Guardai Derek. Stava fissando il panorama. Il cielo si andava rasserenando. La luce del sole illuminava i bordi delle nuvole e i colori della valle erano ancora più accesi di prima. — Perché? — domandai.
Lui si voltò. Conoscevo quell’espressione, le sopracciglia inarcate e il sorriso contorto. Derek stava progettando qualcosa di futile o pericoloso, e voleva la mia approvazione. La seduzione era entrata in funzione. Non avevo idea di come facesse, ma era teatrale come un luce al neon che incominciava ad accendersi. Il suo sorriso si allargò.
— Derek, falla finita! Spegnila!
— Che cosa?
— La bellezza mascolina, la seduzione, il fascino erotico. — Ero passata all’inglese. Nia incominciava ad accigliarsi.
— Voglio dare un’occhiata a quel lago — disse Derek. Stava parlando il linguaggio dei doni. La sua voce era profonda e tranquilla. Una voce ragionevole. La voce del buonsenso. — Credo di potercela fare ad andare e tornare prima che la luce sparisca del tutto.

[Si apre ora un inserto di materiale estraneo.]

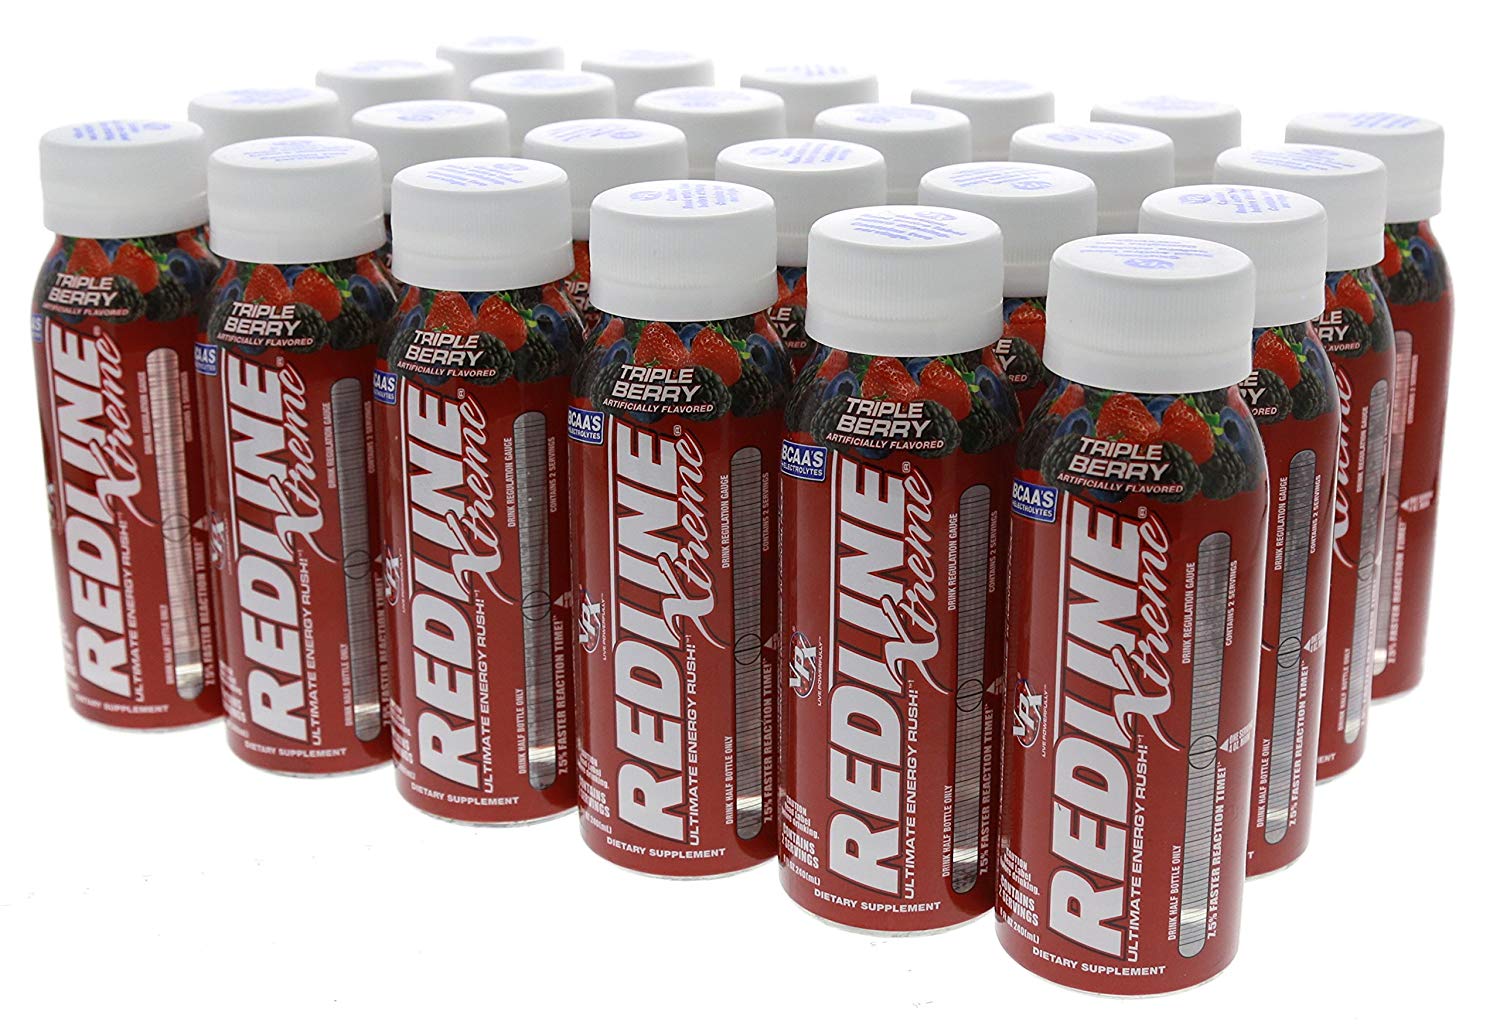 redline energy drink lawsuit

— Ne dubito, e credo che tu sia pazzo a tentare. Quella laggiù è un’area molto attiva. Il suolo è probabilmente rovente, e forse non è sicuro. Potrebbe essere una crosta sopra qualcosa di brutto. Potresti sprofondare. Potresti finire nel brodo, e parlo più in senso letterale che metaforico.
— Parla la nostra lingua — protestò Nia. — Mi interessa questa discussione.
— Okay. Sto dicendo a Derek di non andare in quella valle.
— Non riuscirai a fargli cambiare idea — disse l’oracolo.
Derek rise. — Ha ragione. Rinuncia, Lixia. È inutile parlare. Ho intenzione di andarci.